Ericsson added a security element to its managed services offering, forging a deal with Intel Security it said will enable operators to mitigate future security risks for consumers and enterprises.
The Sweden-based infrastructure company plans to combine Intel Security's solutions with its current portfolio of managed services, a move Ericsson said will enable telecom operators to bundle security cover with their existing services. The duo will initially focus on supplying security for email and the Internet, along with intrusion prevention systems.
Jean-Claude Geha, VP and head of managed services at Ericsson, said Intel Security "has an exceptional, end-to-end consumer and enterprise security product portfolio," which when combined with Ericsson's portfolio of managed services will enable the pair to "provide exceptional managed security solutions to telecom operators."

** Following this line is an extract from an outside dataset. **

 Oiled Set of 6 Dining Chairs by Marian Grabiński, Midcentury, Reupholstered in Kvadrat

The equipment manufacturer noted that growth in the number of connectivity options available to consumers and businesses brings with it a related increase in risk exposure. The Intel Security collaboration aims to make it easier for operators to protect their customers' intellectual property, data, devices and identities, Ericsson stated.
Chris Young, SVP and GM of Intel Security, said the combination with Ericsson will help to protect telecoms networks that are a "critical component of the economic and social infrastructures that we rely upon."

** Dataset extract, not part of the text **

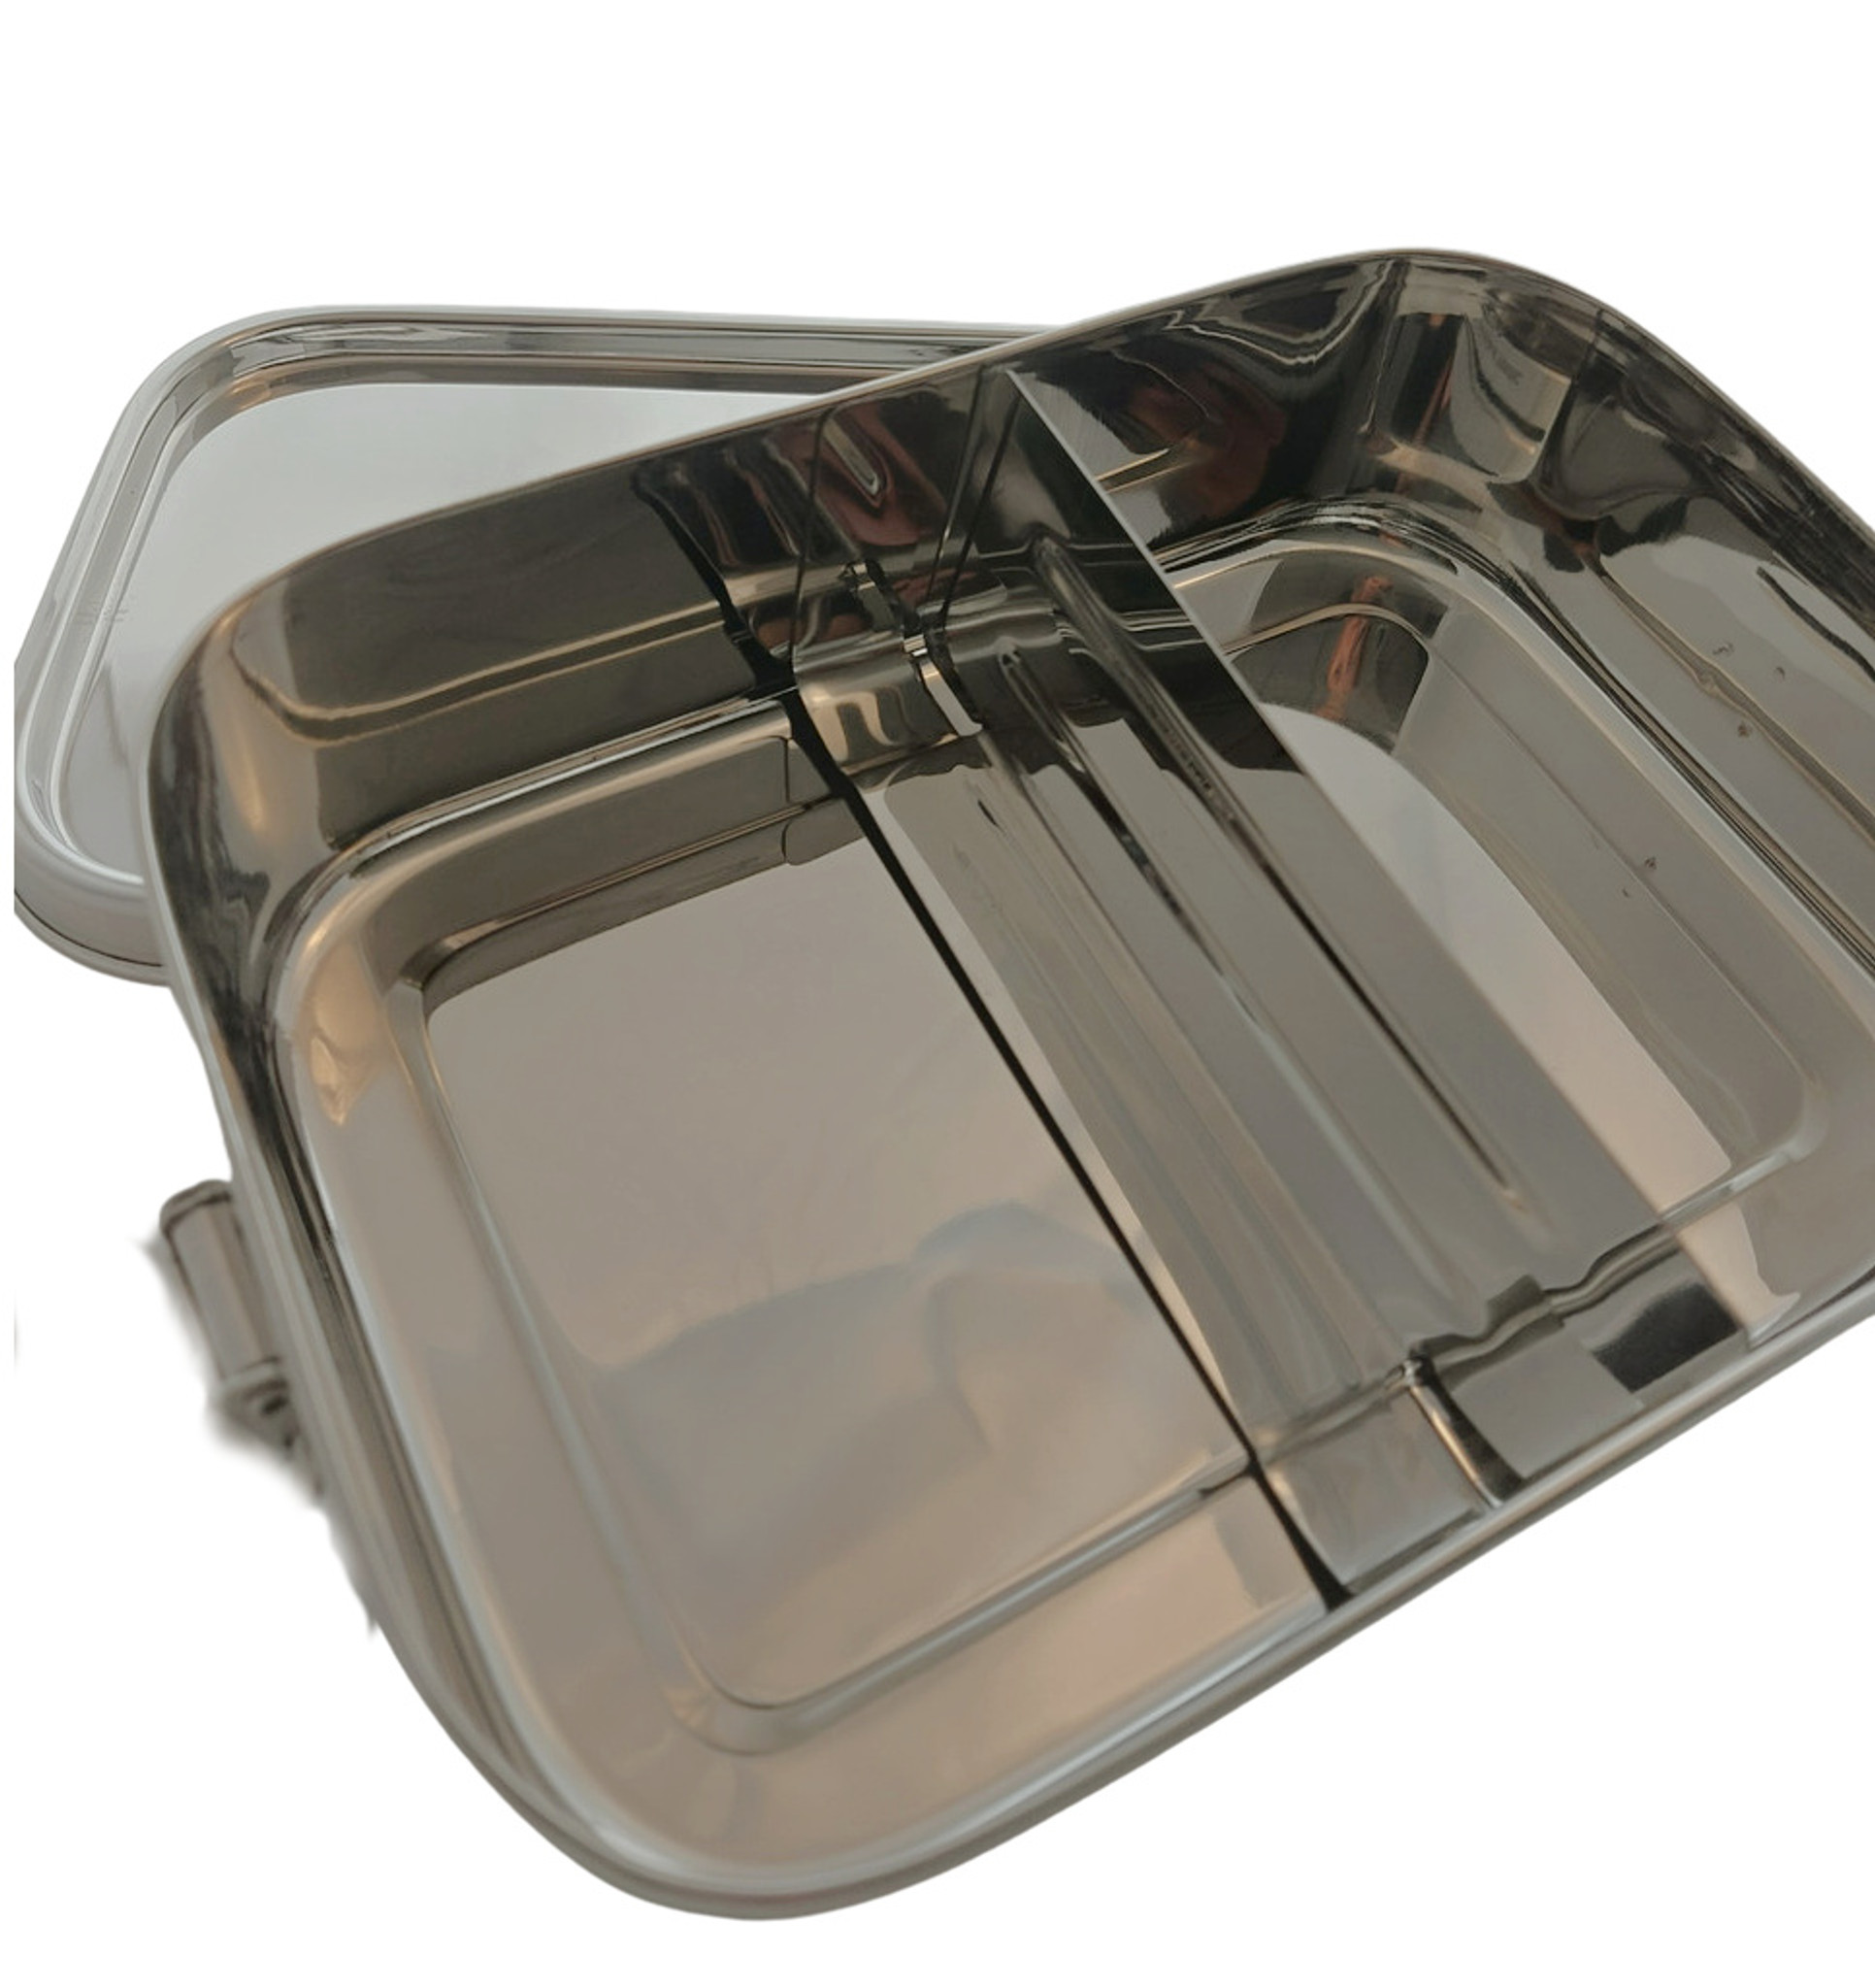 Removable divider for rectangular stainless steel container

Ericsson currently provides managed services for networks serving 1 billion mobile subscribers globally. The company noted it is increasingly pushing its telecoms managed services into new sectors, with the broader IT industry a key focus area.
The infrastructure company was last week linked to a potential acquisition of Ciena or Juniper Networks to bolster its North American business ahead of a planned merger of Nokia with Alcatel-Lucent.
Such a combination would have a strong presence in North America--a territory where sales dropped year-on-year in 2014, contributing to a SEK1 billion (€107 million/$115 million) decline in net income compared to 2013.